At the end of the day, solutions to forceful browsing should not be complicated. On the other hand, they should not be so simple as checking the Referer header either. Keep access control in mind when writing your applications. If you do, they will, by nature of you really putting thought into it, be more secure - as long as you implement what you carefully thought about that is.

Oracle finally comes through

It has been a while since my last post, but after I received an email from a good friend of mine I though I would share the good news with all of you.

As some of you may already know, there has been an ongoing effort in the AppSec community to get all of the "major" application server vendors to natively support setting the HttpOnly flag on all session cookies that they generate.
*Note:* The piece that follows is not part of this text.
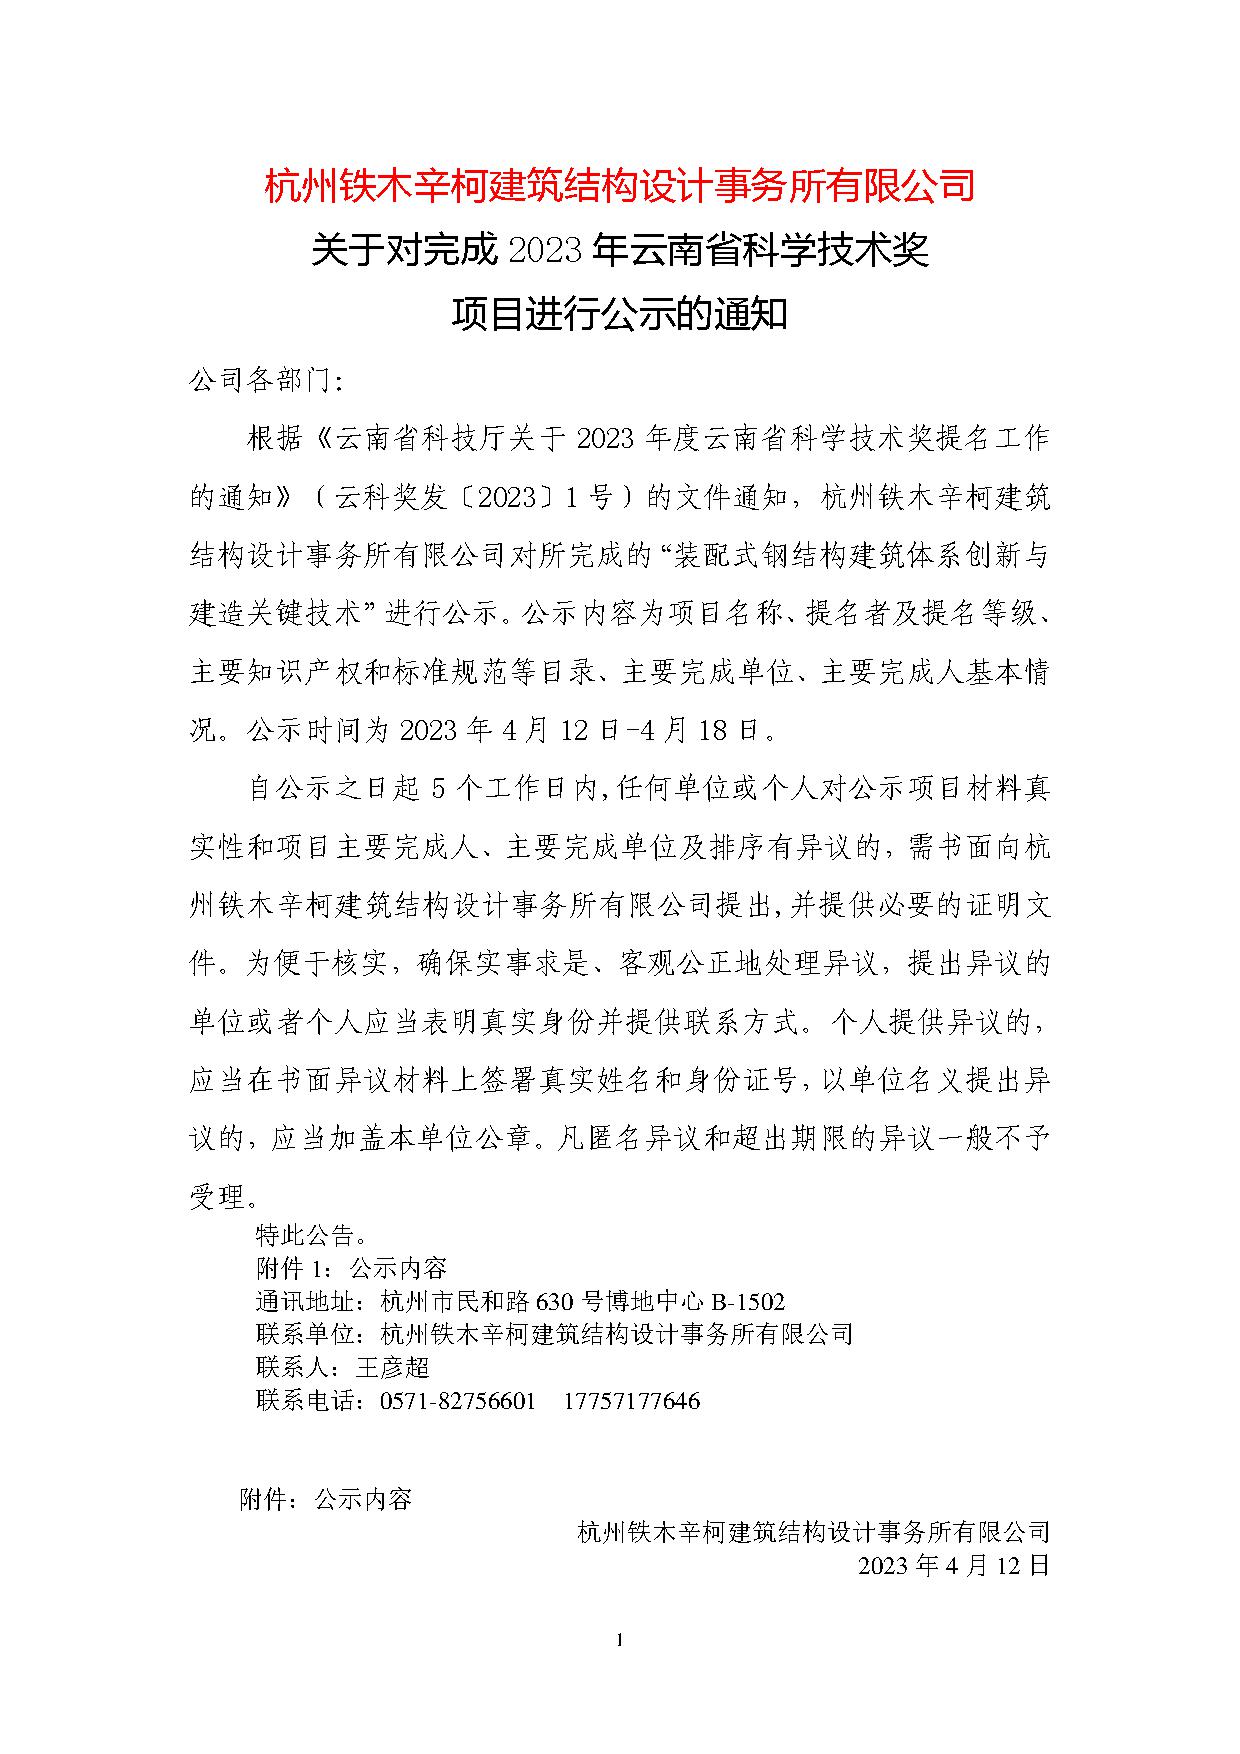 杭州铁木辛柯建筑结构设计事务所有限公司关于对完成2023年云南省科学技术奖项目进行公示的通知

It is kludgy at best to do it programmatically, and best if the server could just do it for us. Anyway, this feature would add instant security to any application by preventing any scripts on the page (either put their by the developer or by an attacker through XSS) from accessing the current user's cookies. Effectively, this simple feature significantly mitigates the risk of session hijacking through XSS - reflective, persistent, or otherwise. Furthermore, as most application server vendors provide some form of XML configuration file to control the settings applied to session cookies, applications would not even have to make any code changes to get the full benefit of using this feature. A Win - Win scenario in the making.
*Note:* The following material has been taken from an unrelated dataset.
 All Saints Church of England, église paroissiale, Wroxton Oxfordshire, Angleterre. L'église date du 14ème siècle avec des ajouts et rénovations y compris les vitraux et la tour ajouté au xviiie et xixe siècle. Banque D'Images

Up until now, WebLogic Server(WLS) has not supported this feature, although they have supported the Secure flag for a number of releases. Well, now Oracle has now finally come through for us with the latest release of WLS 10.3.1.0.

WLS utilizes a file named weblogic.xml to provide application developers a way to control WebLogic specific aspects of an application's deployment configuration, including the flags and settings placed on the session token. According to the documentation, the proper namespace declaration should reference http://www.bea.com/ns/weblogic/920/weblogic-web-app.xsd. There is only one problem in doing this. This version of the XSD references two other XSDs, none of which provide any way to set the HttpOnly flag! So did Oracle lie? I don't think so. I think they have not gotten around to updating their documentation to reference the proper XSD document. If you use the namespace declaration http://www.oracle.com/technology/weblogic/weblogic-web-app/1.0/weblogic-web-app.xsd, this XSD will include another XSD document named http://xmlns.oracle.com/weblogic/weblogic-javaee/1.0/weblogic-javaee.xsd. This is the key to the new option under the session-descriptor tag named cookie-http-only that actually lets you set the HttpOnly flag. Be sure to explicitly set this value to true, as the definition specifies the default value to be false. If you do not have a weblogic.xml file in your WAR or EAR file, the server uses the default value of the tag (FALSE in this case). Just place the file in your WEB-INF directory right next to your web.xml file, and you are off to the races.

I hope this helps, and happy and secure coding.